Another critical challenge and possible limitation to the study is the complex and multifaceted nature of adversity in childhood. When researching stress and adversity, we must consider the type, severity, and duration of the adversity the child faces. Other factors such as the family and home environment, psychological mechanisms of coping and defense, individual differences in reactivity and developmental status of the child must be account for when examining the effects of early adversity (Gunnar et al., 2009). When studying internationally adopted populations, it is often impossible to accurately discern the nature of the adversity these adopted children experienced in early childhood. This study relies on parent reports of observed conditions within the care institutions and many parents did not directly observe the actual institution from which their child came. We therefore relied heavily on the amount of time spent in institutional care in order to get a clear measurement early adversity. To further control for unknown environmental variables, recruitment efforts focused on institutionalized care within regions with well-reported adverse conditions such as eastern Europe and Asia.
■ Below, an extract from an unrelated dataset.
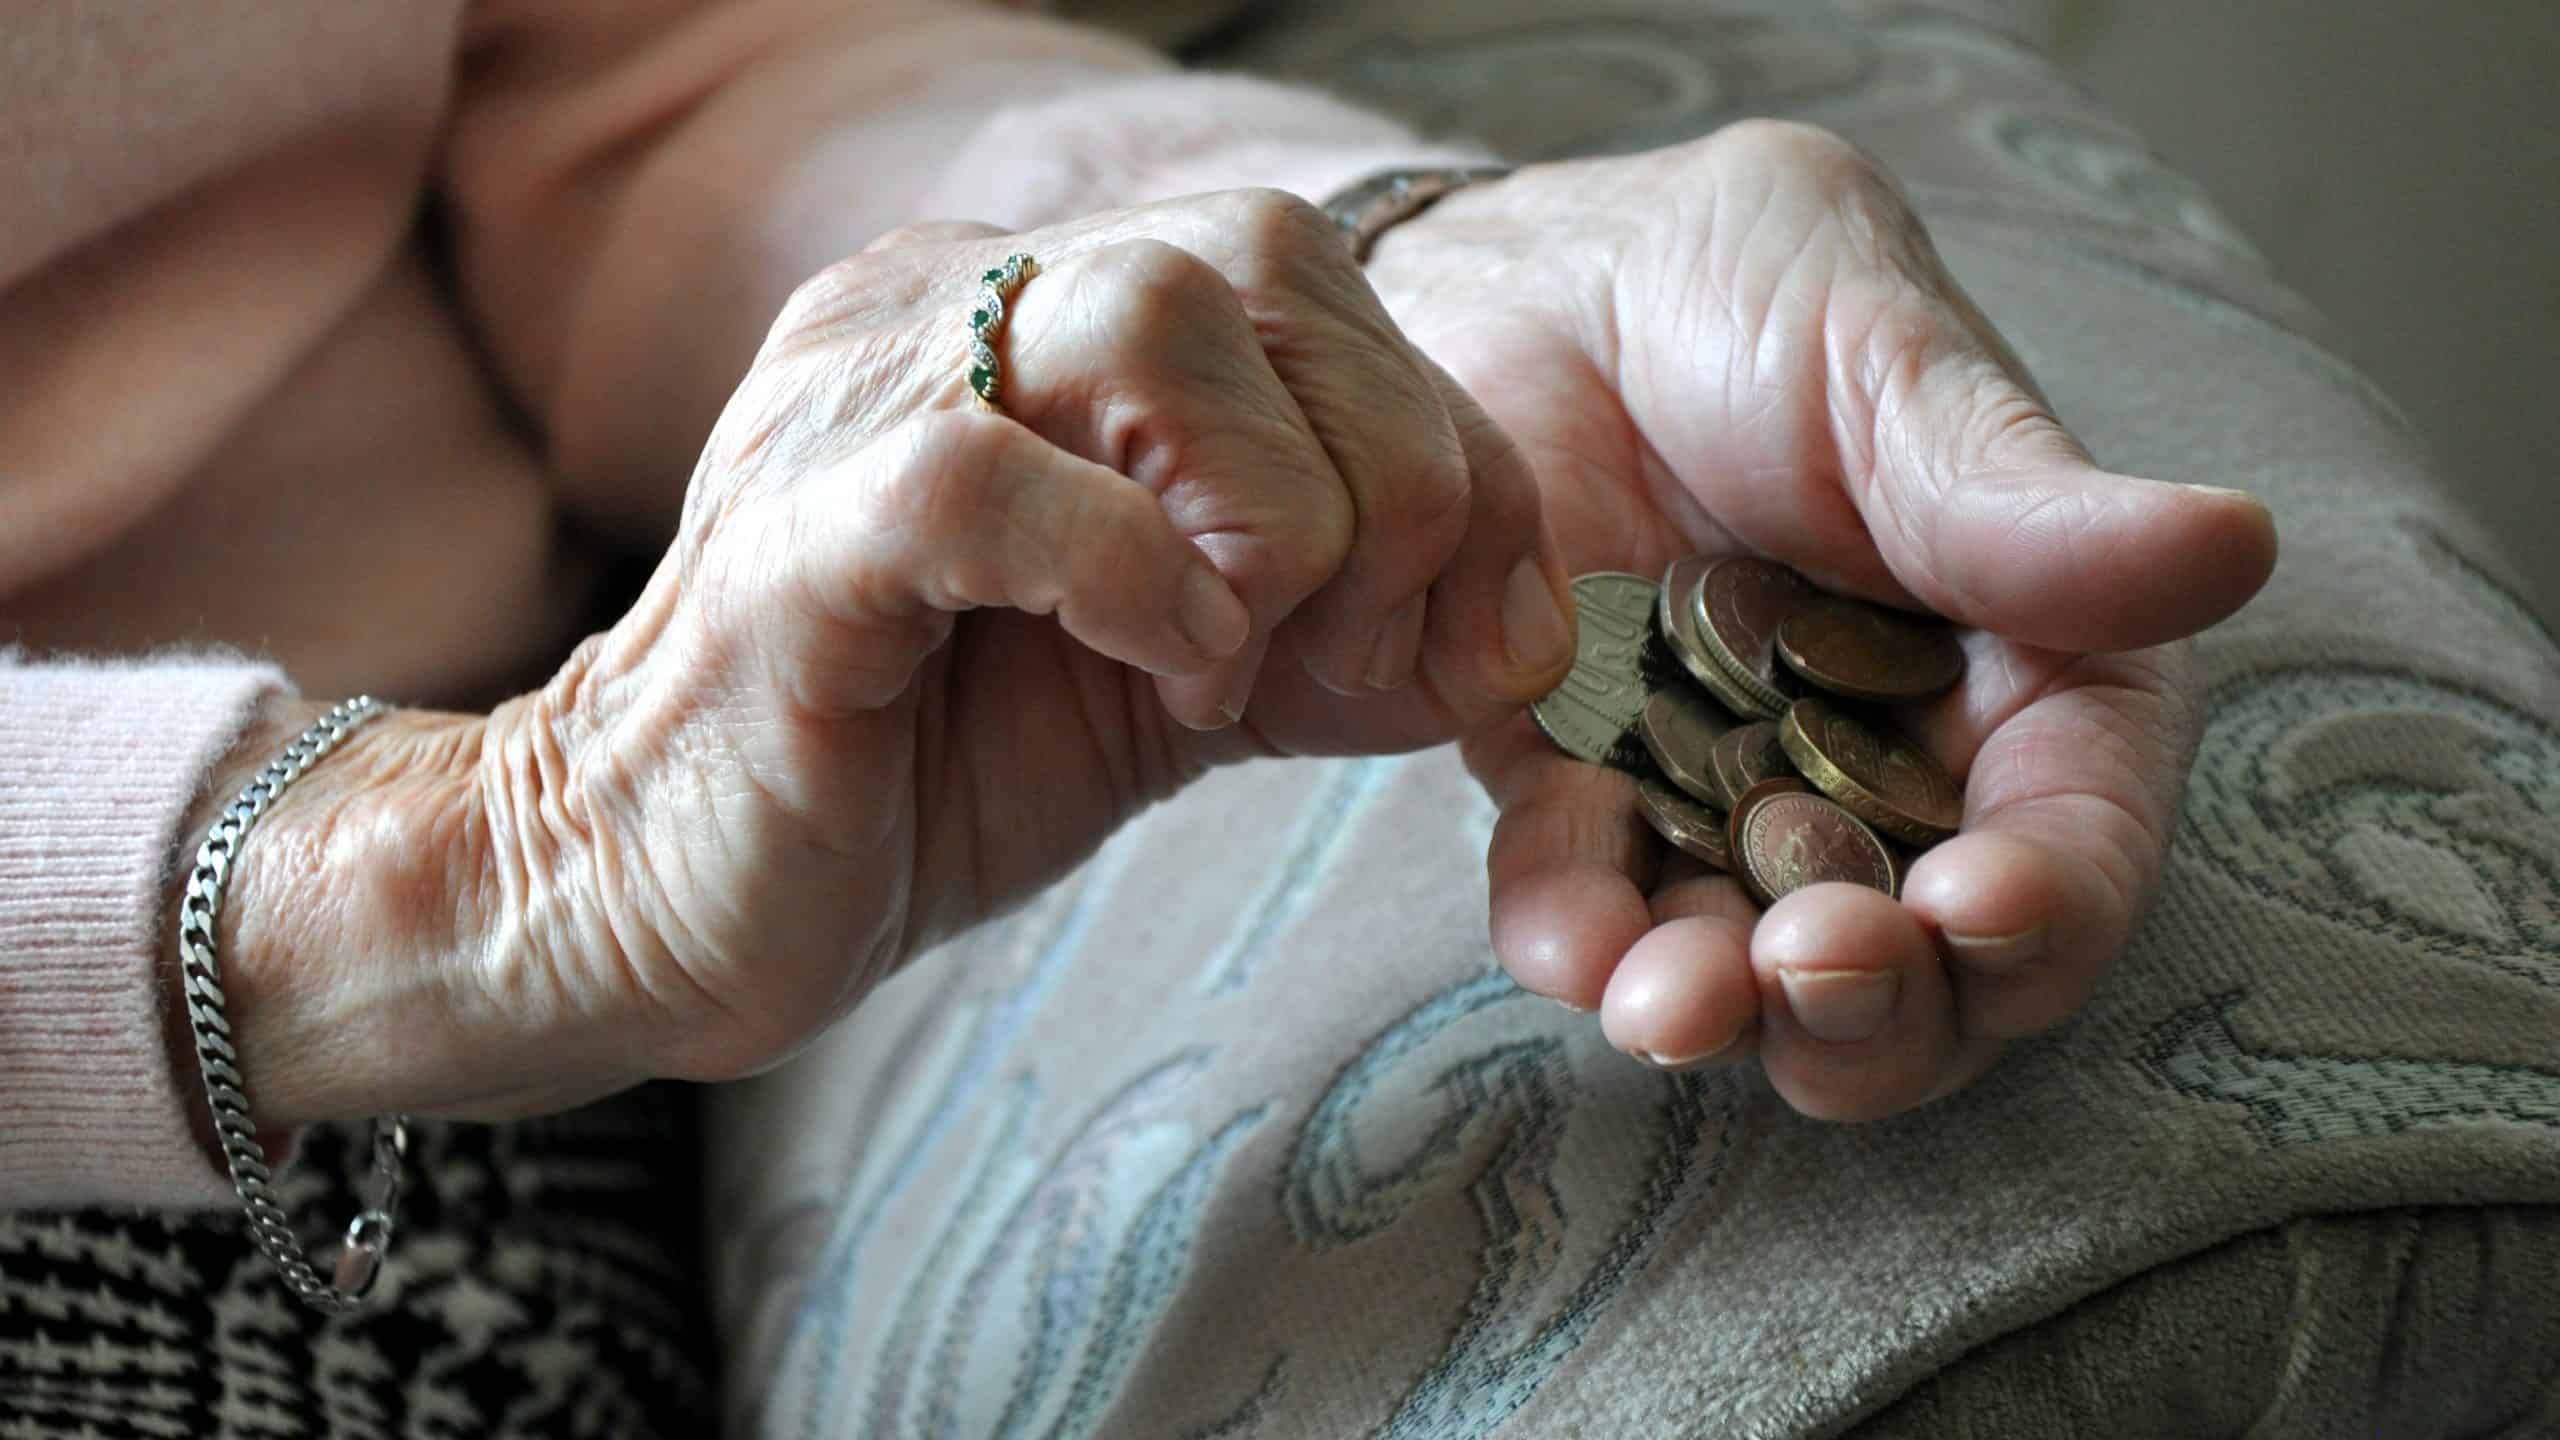 4.5 million people in ‘deep poverty’ in UK – report

One final limitation of this study remains the inability to parse out the interaction of the environment with an individual’s unique genetic code to shape HPA functioning and brain development. Without biological samples from birth mothers, we have no way of accurately discerning what genetic factors influence HPA functioning and what is a product of the environment prior to adoption.

Future studies should look longitudinally beyond 4 years post adoption to see if diurnal cortisol outcomes remain dysregulated or if these outcomes fade over time. If these outcomes persist over time, future research can begin to look at different early interventions to regulate the HPA axis. Future research should also look at how HPA functioning may mediate effects of early adversity on executive function development. Executive function deficits often account for similar psychopathology found in HPA dysregulation and therefore may be an important predictor in psychopathology. If we can identify the specific neural networks and functioning responsible for psychopathology, early interventions can be developed and implemented to curve the trajectory of mental health issues.